» Exercise brief:
Between the line containing "Dashed Leopard Print Trouser" and the line containing "New Moon in" lies a run of lines; give that run again exactly, with both of those lines, and nothing else from the entries below.

» Data shown:
□ □ □ □ □ □ □

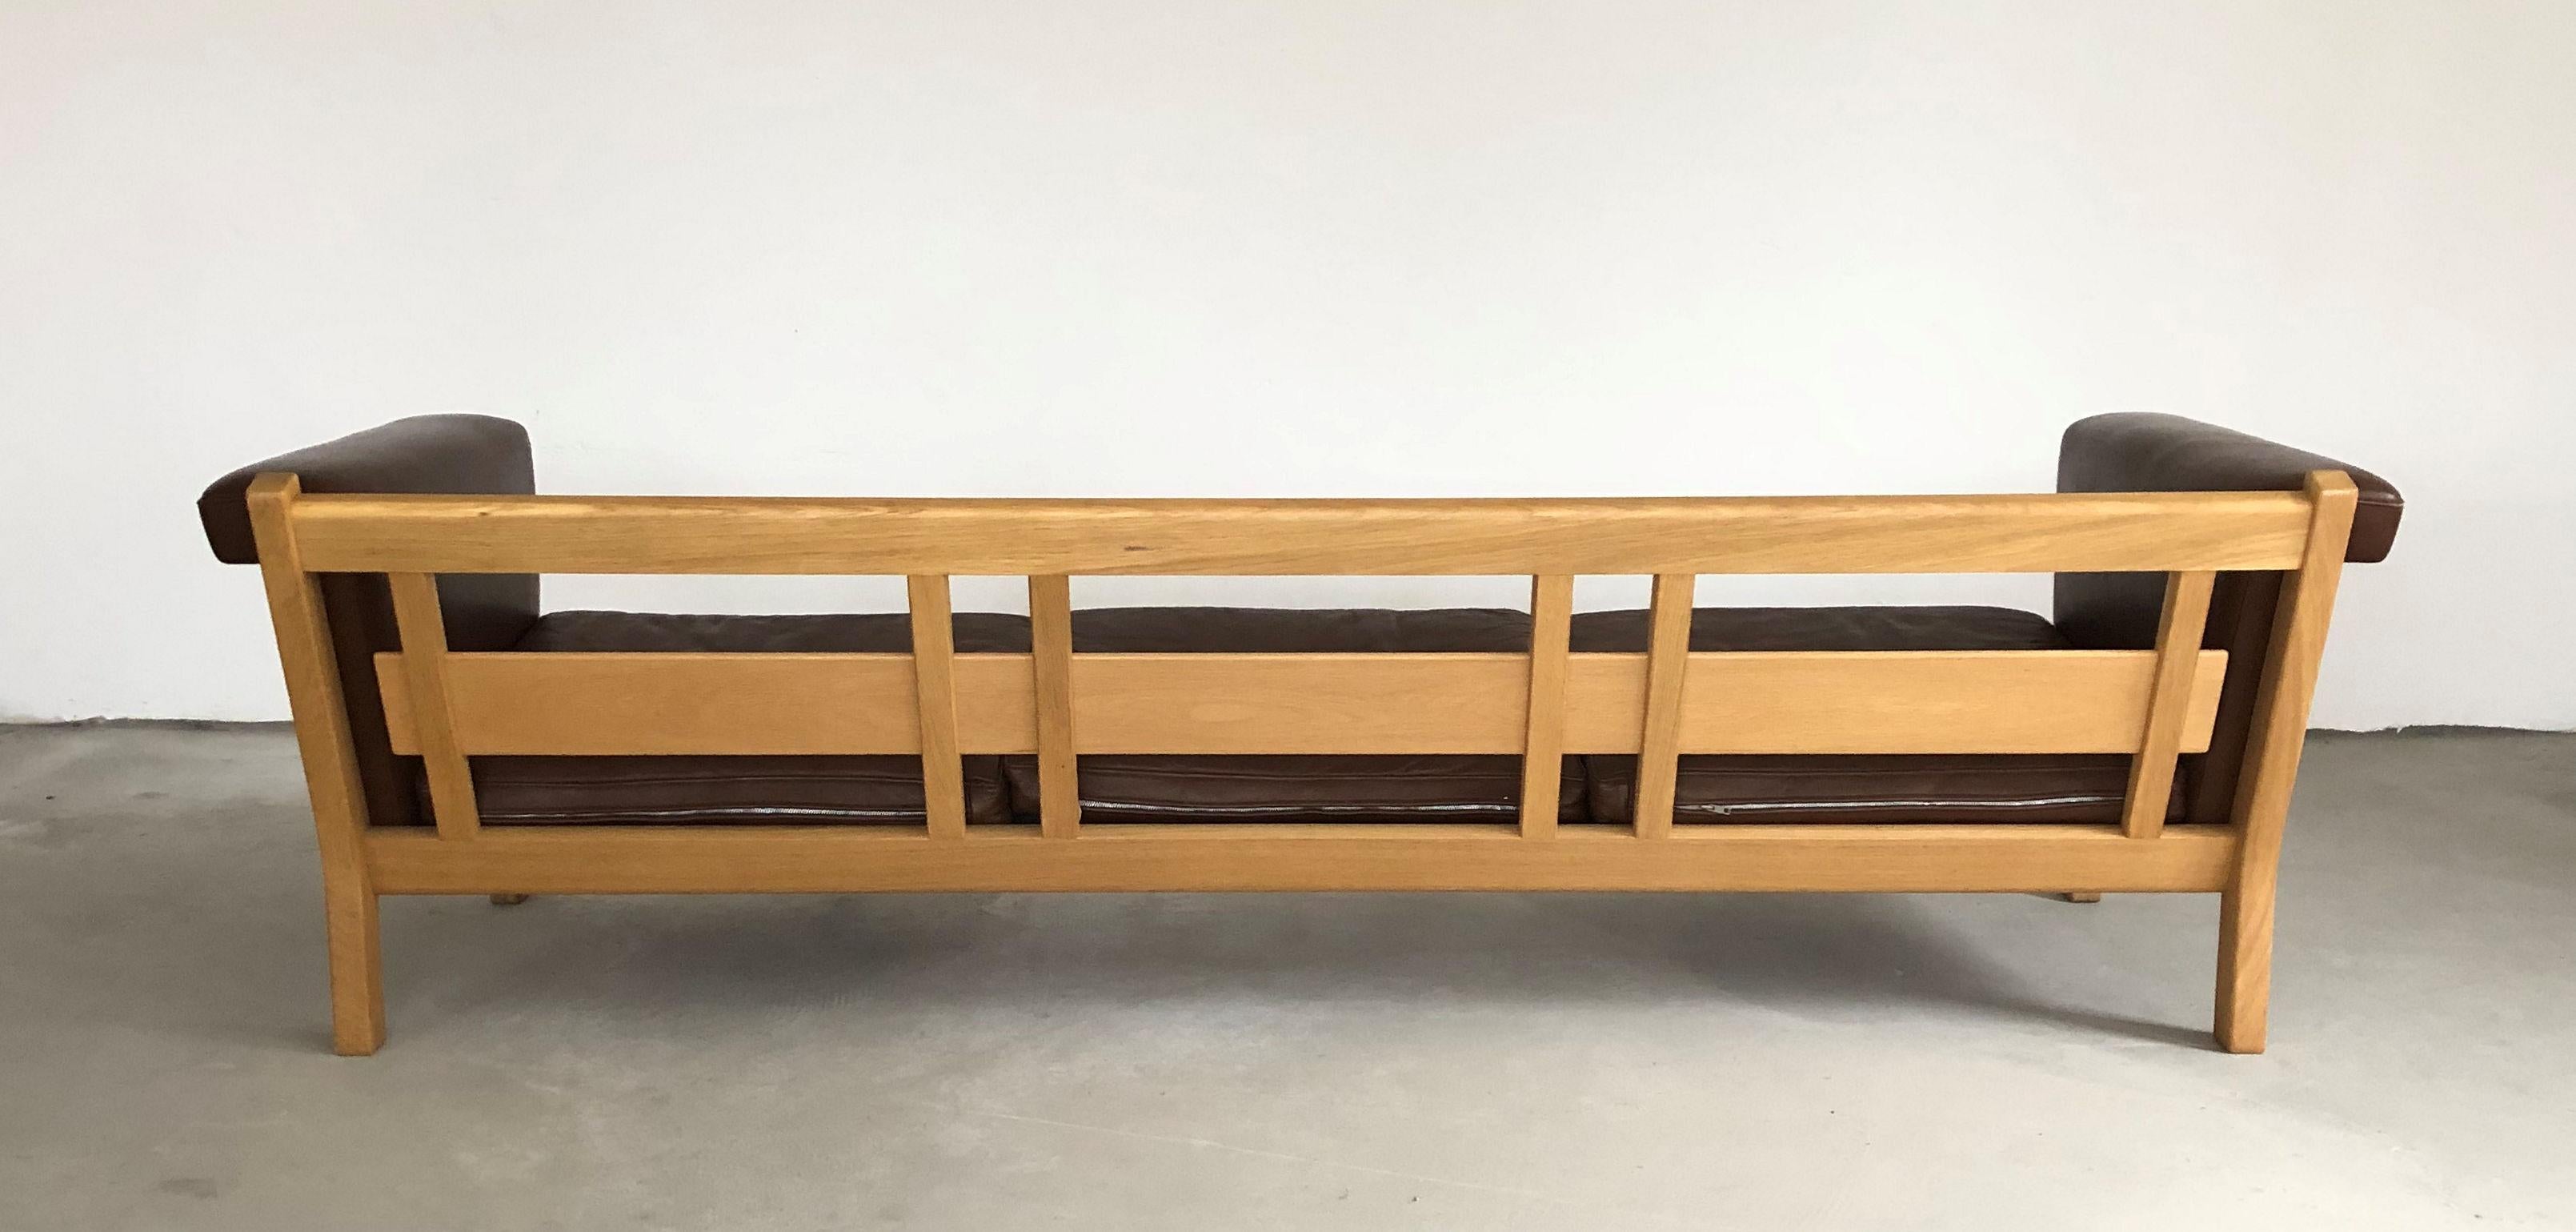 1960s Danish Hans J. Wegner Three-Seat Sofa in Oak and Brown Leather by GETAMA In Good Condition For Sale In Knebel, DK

□ □ □ □ □ □ □

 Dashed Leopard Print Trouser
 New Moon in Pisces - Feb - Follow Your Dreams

□ □ □ □ □ □ □

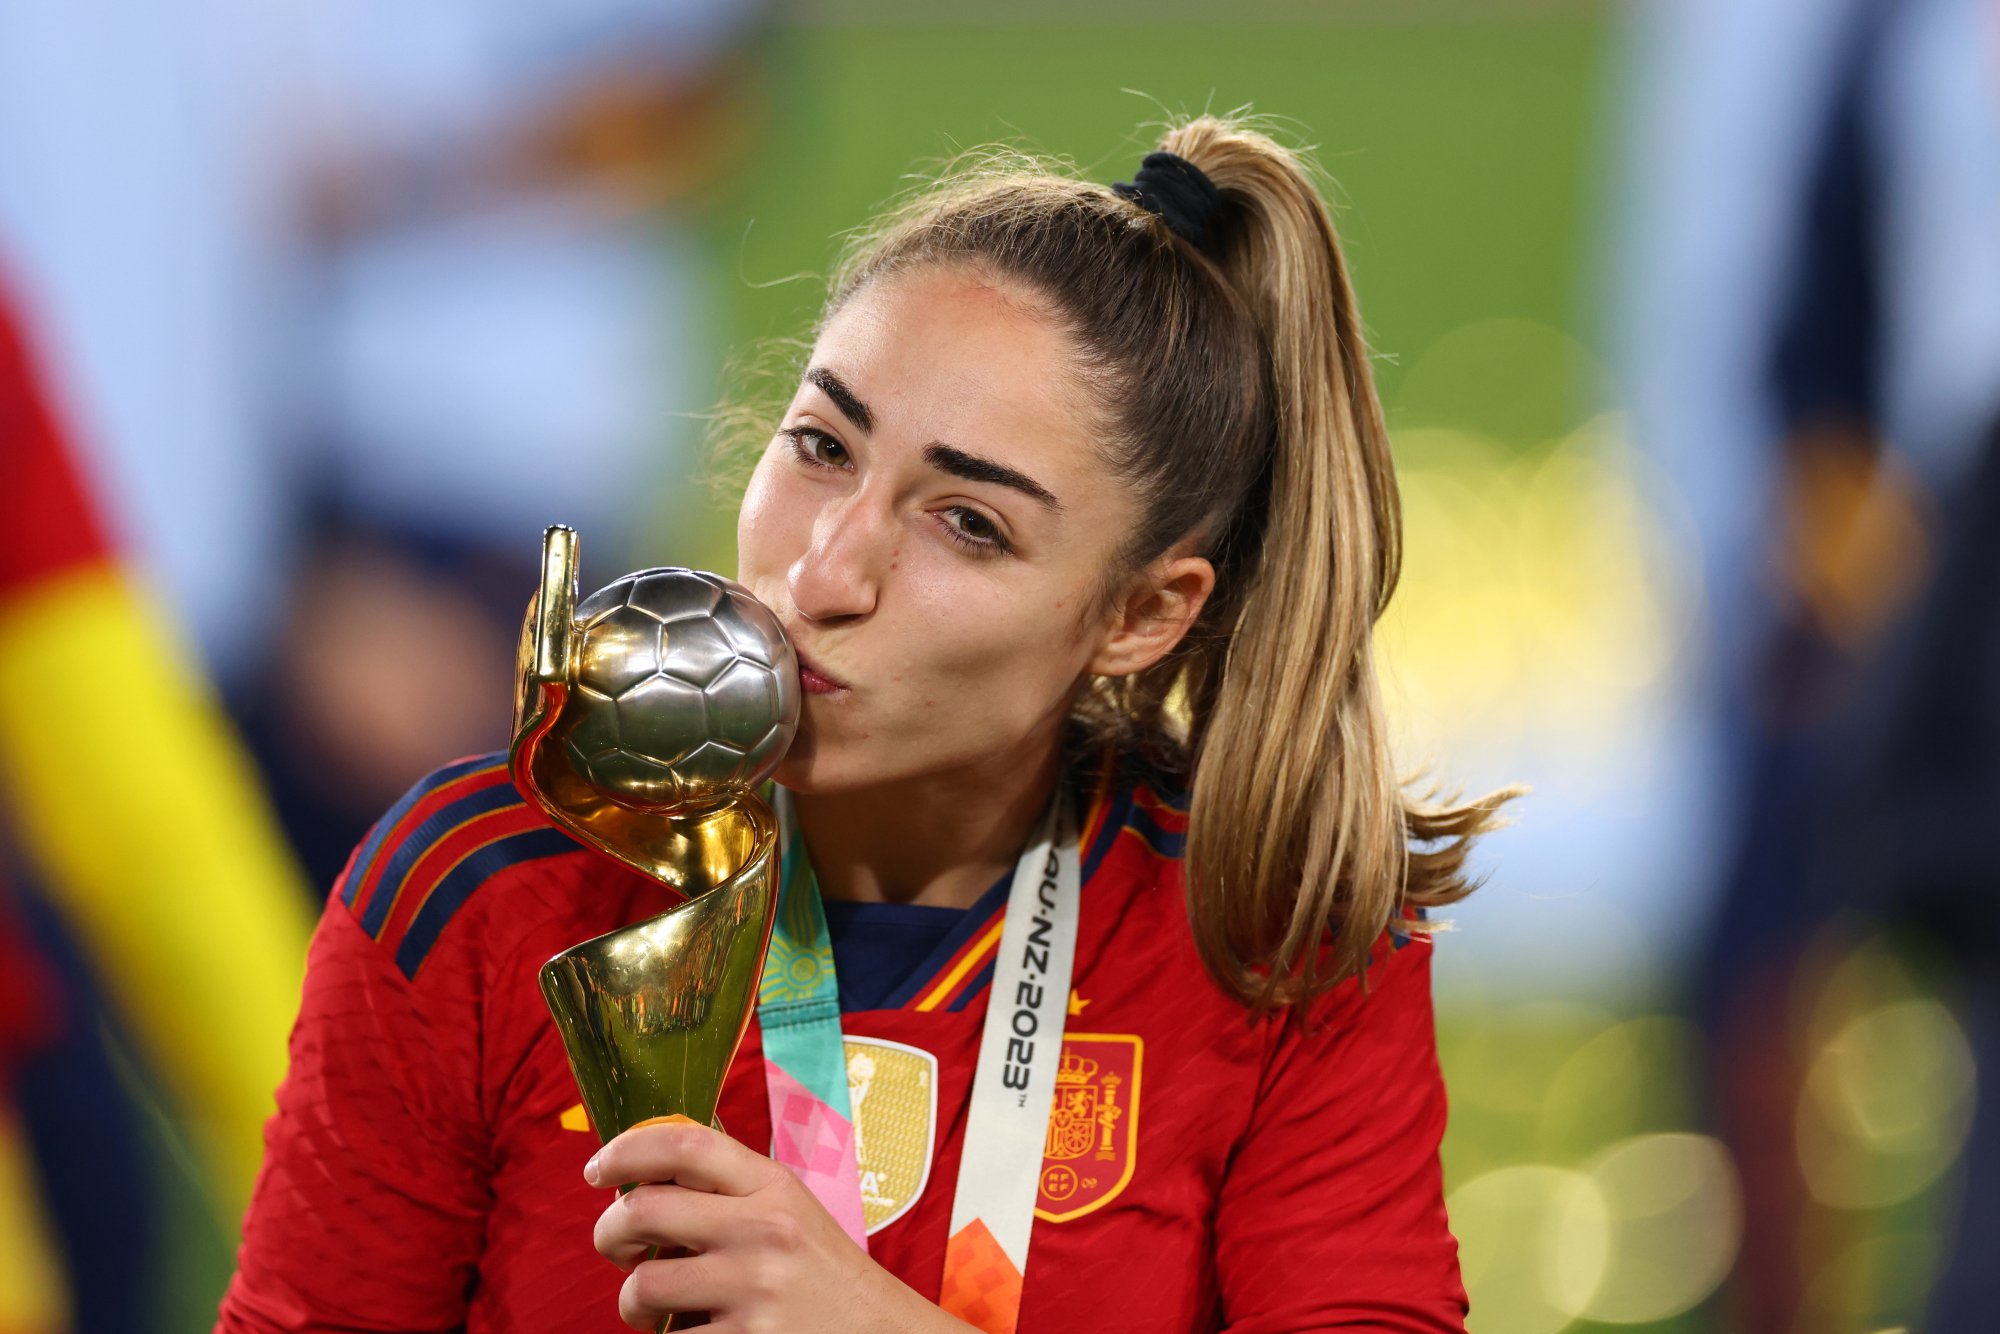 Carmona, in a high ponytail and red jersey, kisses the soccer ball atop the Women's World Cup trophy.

□ □ □ □ □ □ □

» Response to the exercise:
 Dashed Leopard Print Trouser
 New Moon in Pisces - Feb - Follow Your Dreams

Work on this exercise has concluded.